[Records provided]
- Opening Delimiter -

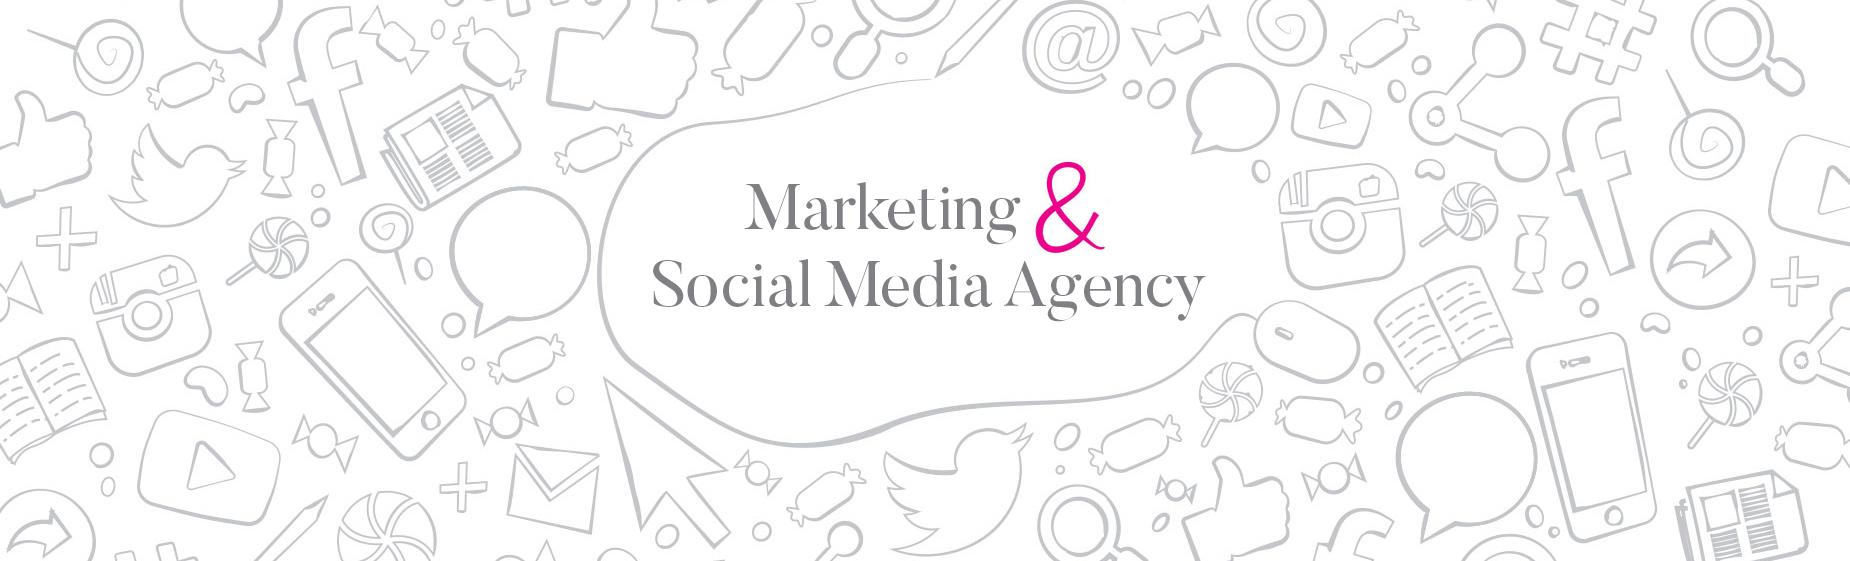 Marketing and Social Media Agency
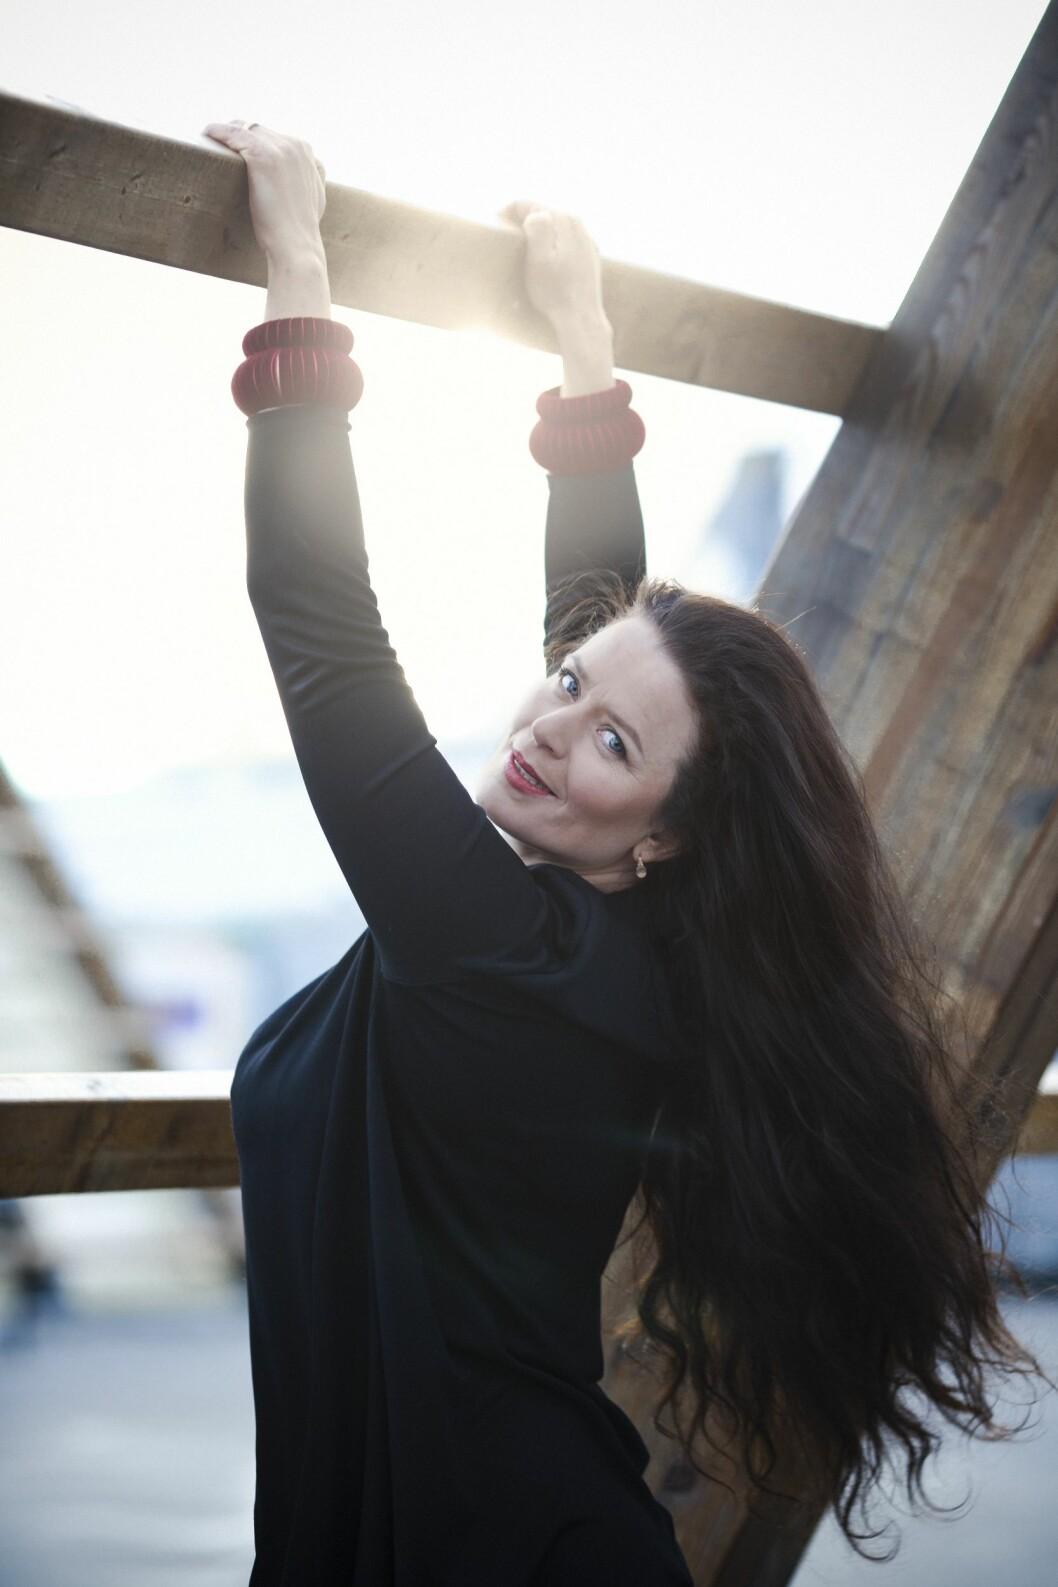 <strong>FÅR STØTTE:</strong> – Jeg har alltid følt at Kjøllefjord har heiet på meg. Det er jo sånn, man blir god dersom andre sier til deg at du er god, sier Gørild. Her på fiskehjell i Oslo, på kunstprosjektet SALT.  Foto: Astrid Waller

- Closing Delimiter -
- Opening Delimiter -

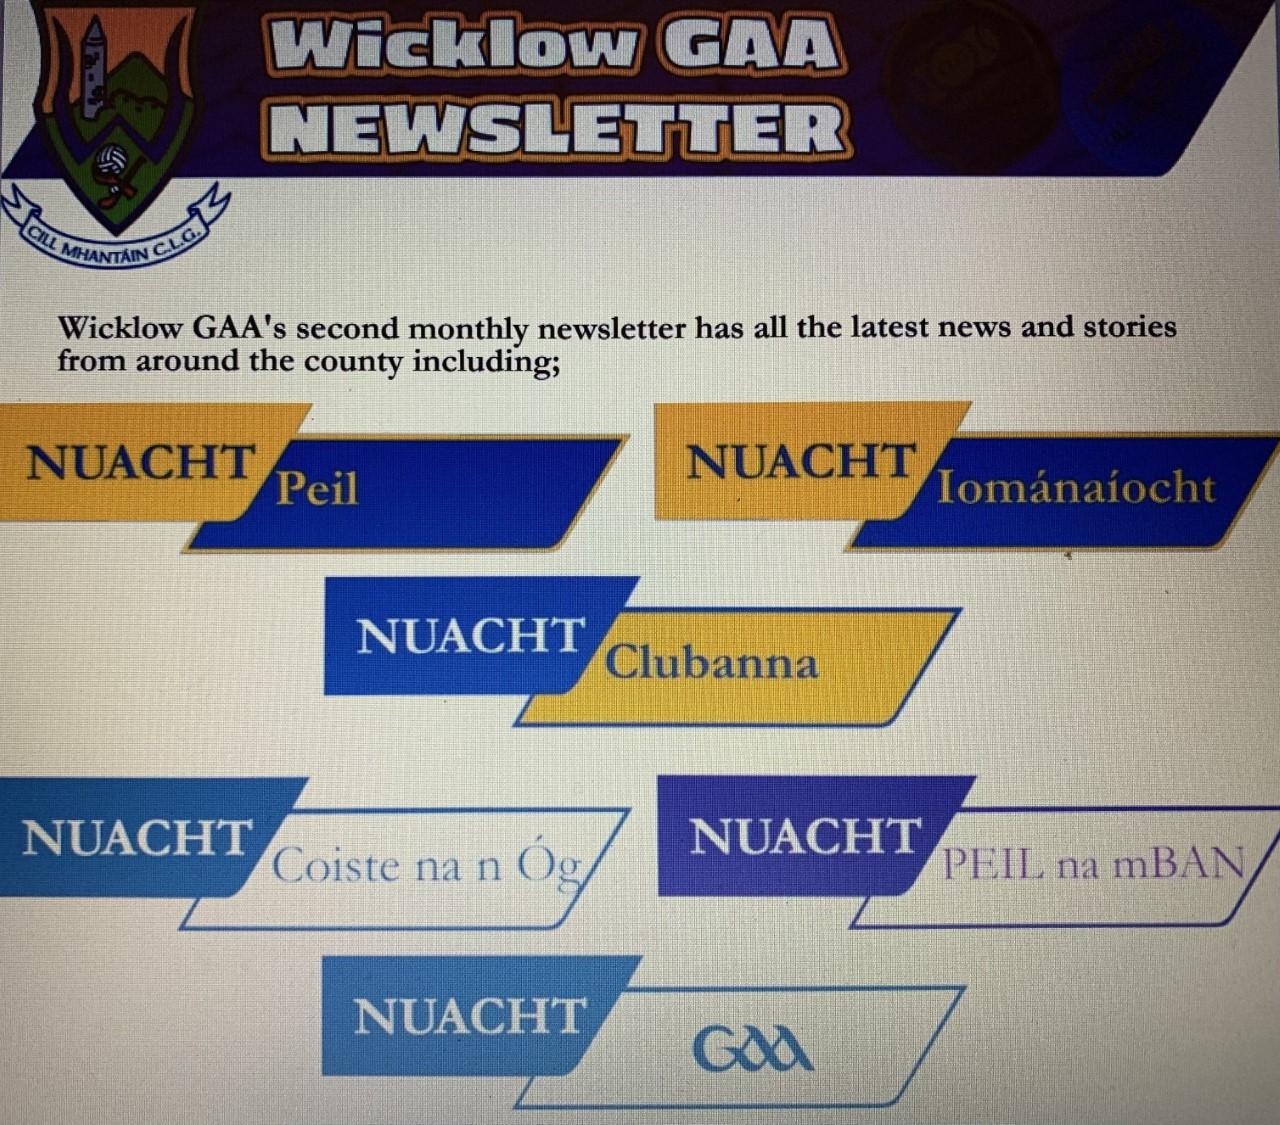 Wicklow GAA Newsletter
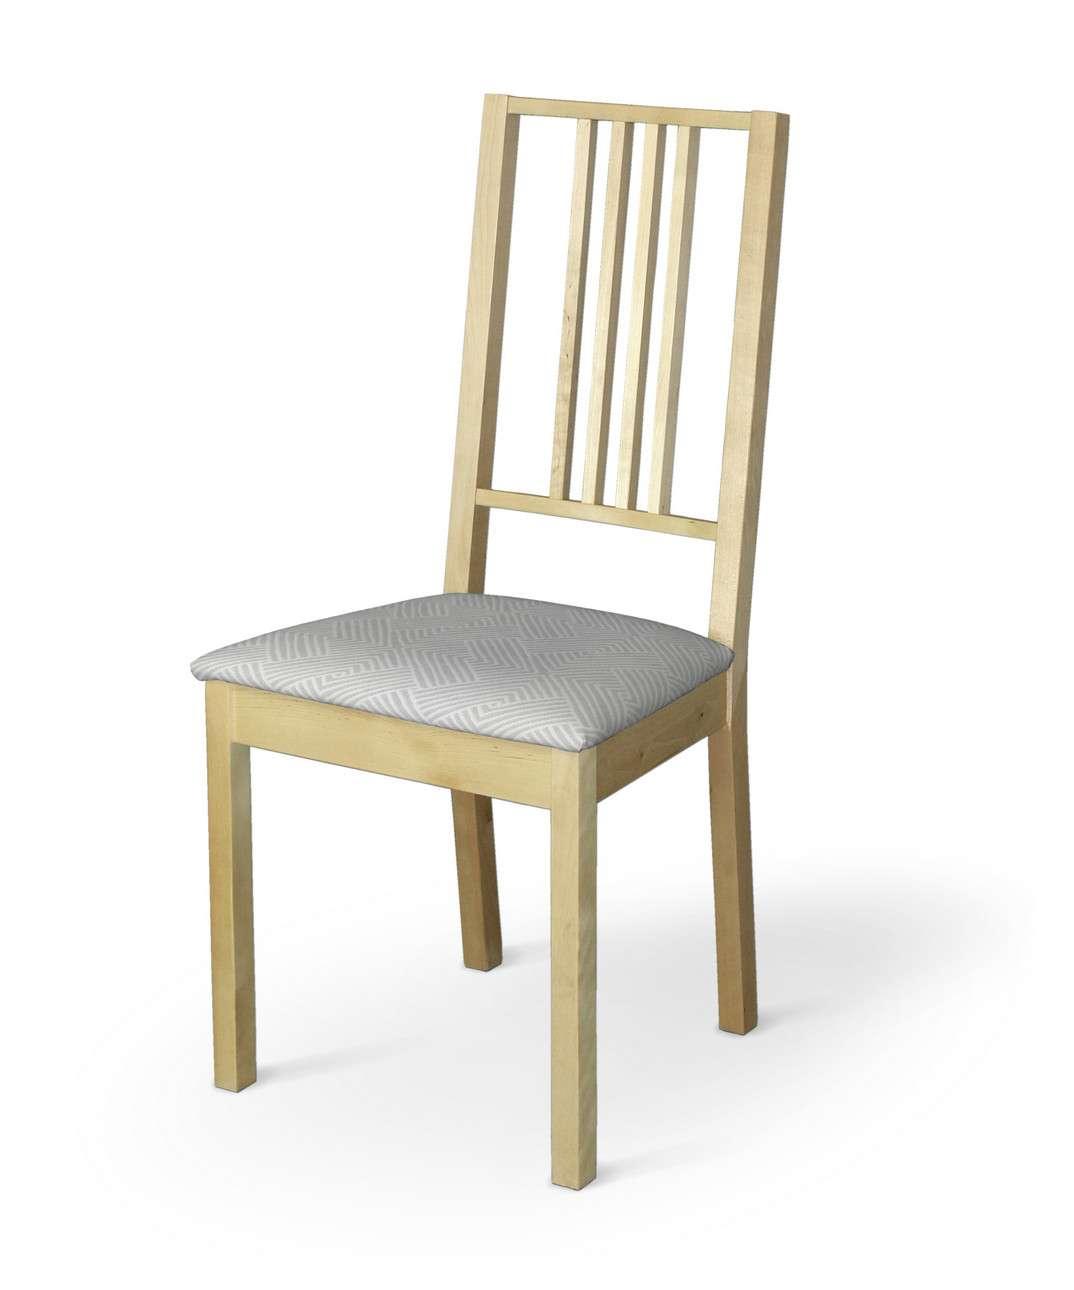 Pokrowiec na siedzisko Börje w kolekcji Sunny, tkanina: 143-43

- Closing Delimiter -
- Opening Delimiter -

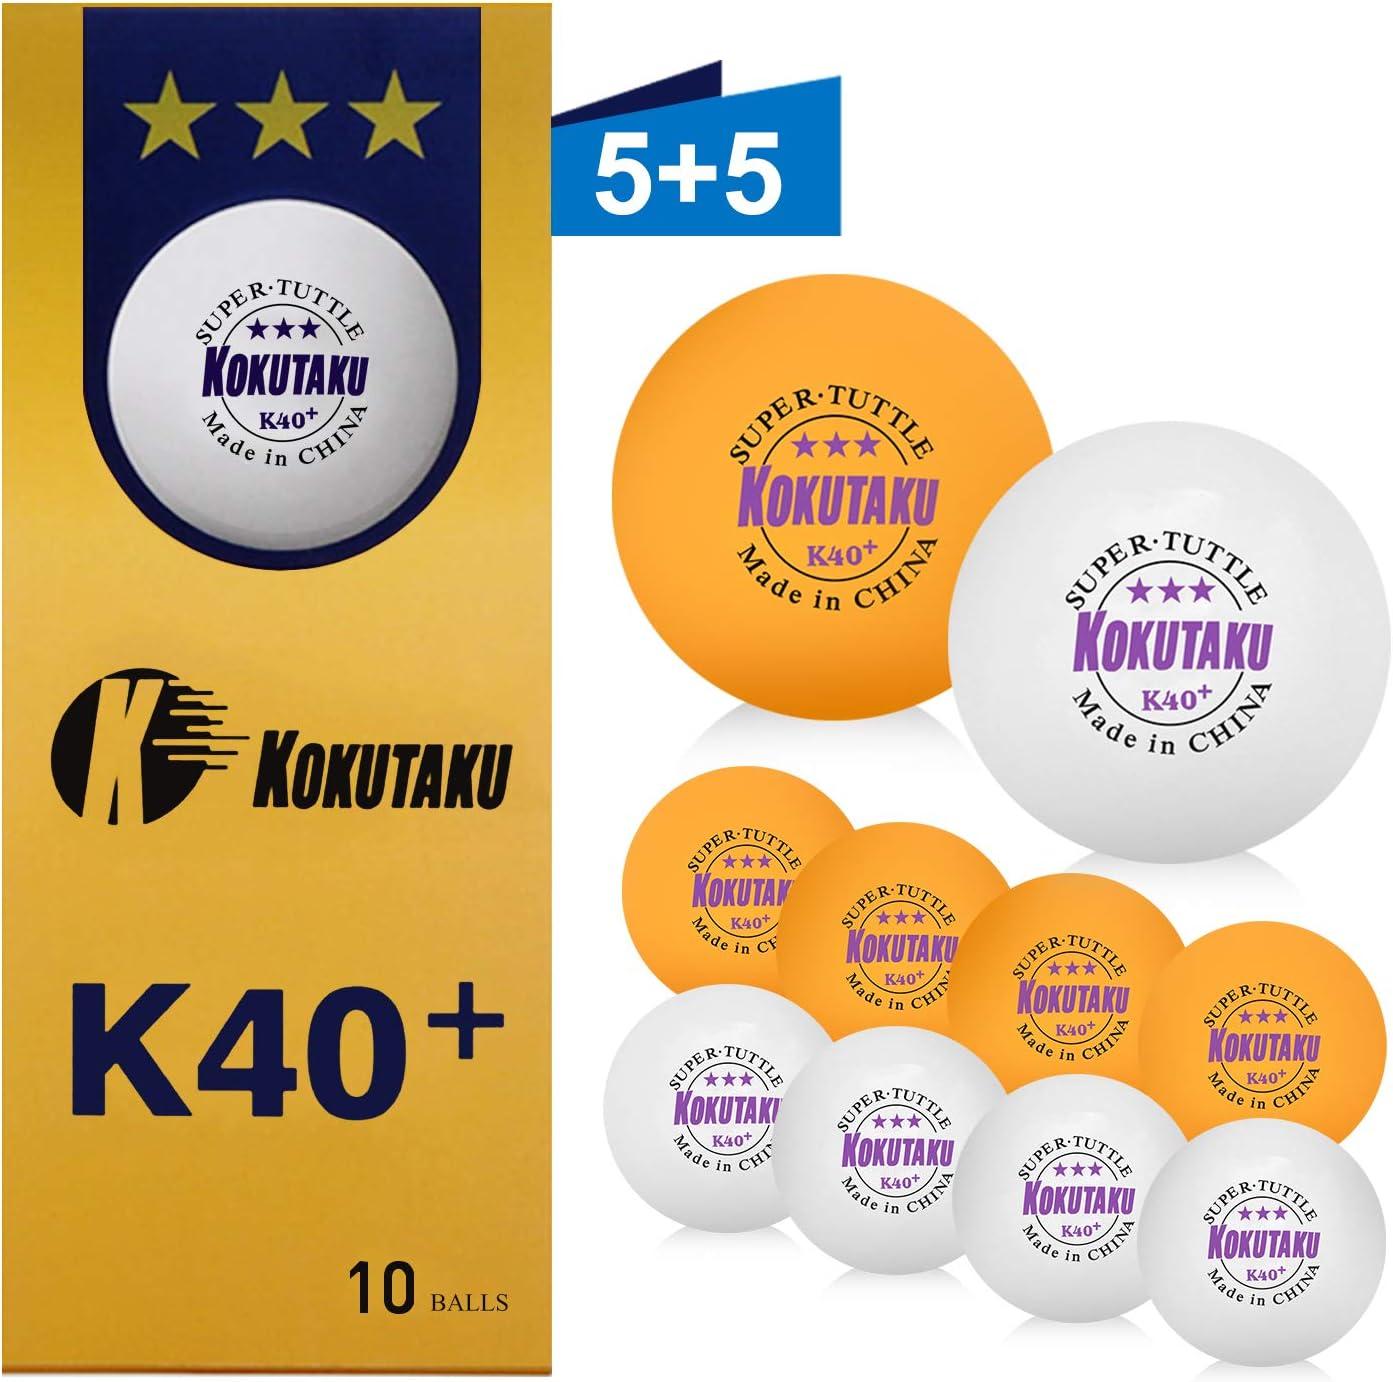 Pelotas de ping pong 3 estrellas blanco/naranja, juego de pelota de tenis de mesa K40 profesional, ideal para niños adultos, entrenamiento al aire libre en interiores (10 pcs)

- Closing Delimiter -

[Task objective] Your copy should hold the lines from the one with "Marketing and Social Media Agency" up to and including the one with "<strong>FÅR STØTTE:</strong> –", exactly as in the data above, and no pictures.

[Result of the exercise]
 Marketing and Social Media Agency
 <strong>FÅR STØTTE:</strong> – Jeg har alltid følt at Kjøllefjord har heiet på meg. Det er jo sånn, man blir god dersom andre sier til deg at du er god, sier Gørild. Her på fiskehjell i Oslo, på kunstprosjektet SALT.  Foto: Astrid Waller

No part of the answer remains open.